The following conditions apply to the sale of materials or equipment, and to the hire, servicing or repair of goods supplied, repaired or serviced by YORKSHIRE CARE EQUIPMENT, hereafter called ‘the Company’. No alterations or additions to, nor exclusion of, any part of these conditions shall be valid in law unless specifically agreed in writing by a partner of the Company. Nothing in the Buyer’s Terms of Purchase shall override, cancel or modify any of the company’s Standard Conditions of Trade.
‘Buyer’ herein shall include buyer, hirer, lessee, owner or any other person who is in charge of goods supplied by the company. ‘Goods’ shall include materials, equipment, spare parts and any other items supplied, serviced, repaired, loaned or hired by the Company.
Charges for goods and services supplied by the company shall be paid in full on or before delivery or completion, unless the Buyer has an account with the Company.
An application for the opening of a credit account with the Company shall include an undertaking by the applicant that he/she has read and agreed to the Company’s Standard Conditions herein. Where the Buyer has an account, payment shall be made on the 20th of the month following date of invoice.
If payment by the Buyer is delayed, the Buyer may be required to pay to the company interest on the outstanding balance at the rate laid down by the Late Payments Legislation. The Company may at its absolute discretion close the Buyer’s account at any time and any balances due shall be paid immediately by the Buyer to the Company.
The property in and title to goods supplied by the Company shall remain within the company until
In the event of non-payment of sums due to the company from the buyer, the company shall be entitled to enter the buyer’s premises and to physically re-possess and remove therefrom goods supplied by the company for which payment has not been received. It will be assumed that where the buyer purchases similar goods from the company on a regular basis that a stock rotation system has operated and goods still held relate to invoices still outstanding for which full payment including VAT has not been made. Title to goods supplied by the Company may not be transferred from the buyer to a third party until payment in full has been made.
It is the responsibility of the Buyer to examine goods supplied by the Company and to identify defects in materials and/or workmanship which might cause damage or injury. Illustrations, descriptions, weights and measurements shall be taken by the Buyer as a guide only, and are not binding in detail. The Company reserves the right without notice and without affecting the validity of the contract to make such training in materials, dimensions and design as are reasonable and desirable.
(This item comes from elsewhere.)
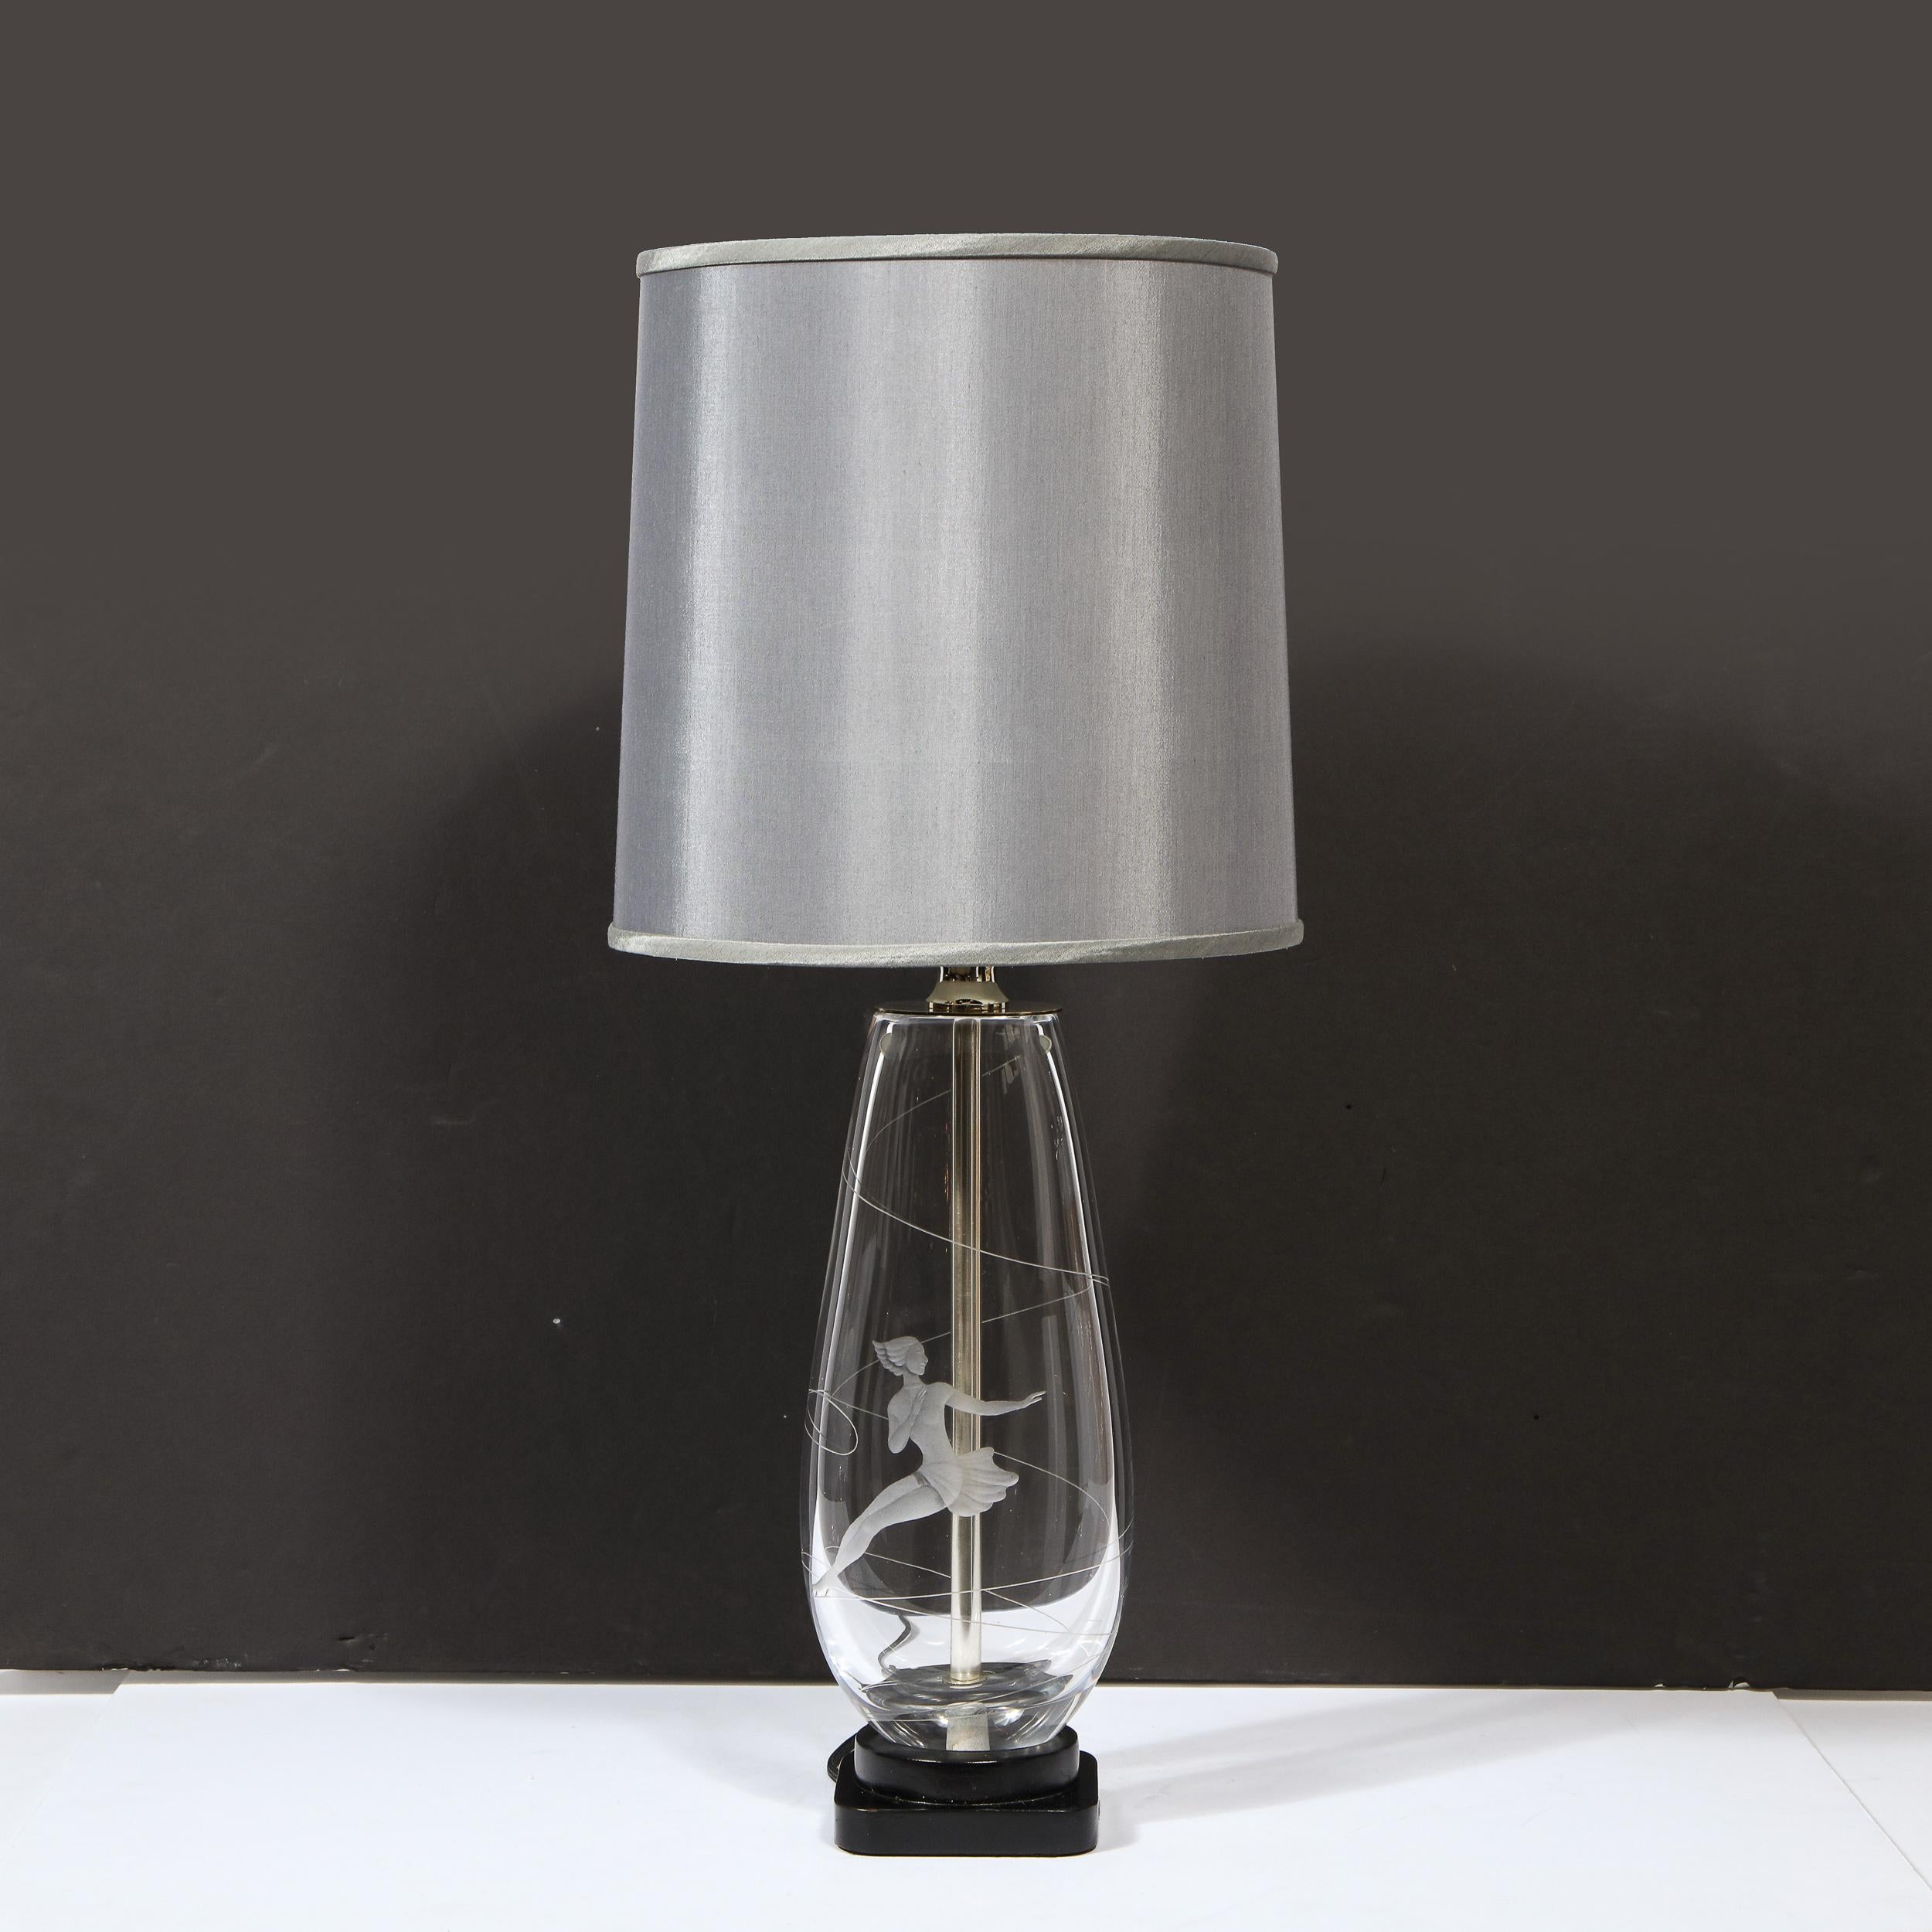 This elegant Mid-Century Modern table lamp was realized by the legendary maker Orrefors in Sweden, circa 1950. It features a cylindrical translucent glass body that tapers at its top sitting on a tiered square black enamel base with rounded edges.

Where assembly of goods supplied by the company is not undertaken by the company, the buyer shall be responsible for assembly in accordance with the Company’s instructions and shall ensure that such instructions have been obtained from the Company. Failure to assemble the goods in the manner prescribed in the instructions supplied with the goods will invalidate the Company’s responsibility for damage caused to or by the goods.
Advice, information and opinion given by any Partner, Employee or Agent of the Company is given without legal responsibility. Any recommendation or suggestion made by the Company relating to the use of goods, whether in technical literature or in response to specific enquiry, is made in good faith, but it is for the buyer to satisfy himself of the suitability of the goods for his particular purpose, and he shall have deemed to have done so.
The Company shall not be liable for damage or injury caused by its goods or workmanship beyond replacement of the goods or work on verification of the Buyer’s complaint. The Company shall not be liable for any consequential loss caused by its failure or delay in supplying, servicing or repairing goods, whether the loss arises from the actions or from the omissions of the Company, its Employees, Agents, or Subcontractors.
Any time named by the Company for the delivery of its goods is an estimate only, and while every effort will be made to deliver on time the Company will not be liable for any consequences of a delay in delivery. Claims by the Buyer for damage during transit, shortages or non-delivery must be made to the Company in writing within seven days of the date of delivery.
Guarantees given shelf are not applicable outside the United Kingdom unless expressly stated otherwise by the company in writing. Any guarantee given will be invalidated if the goods supplied by the Company are subjected to misuse or accidental damage after the Buyer has taken delivery of them.
Deposits for specially ordered goods are not necessarily refundable either in whole or in part if the order is cancelled in order to allow for losses or costs suffered by the Company because of the cancellation.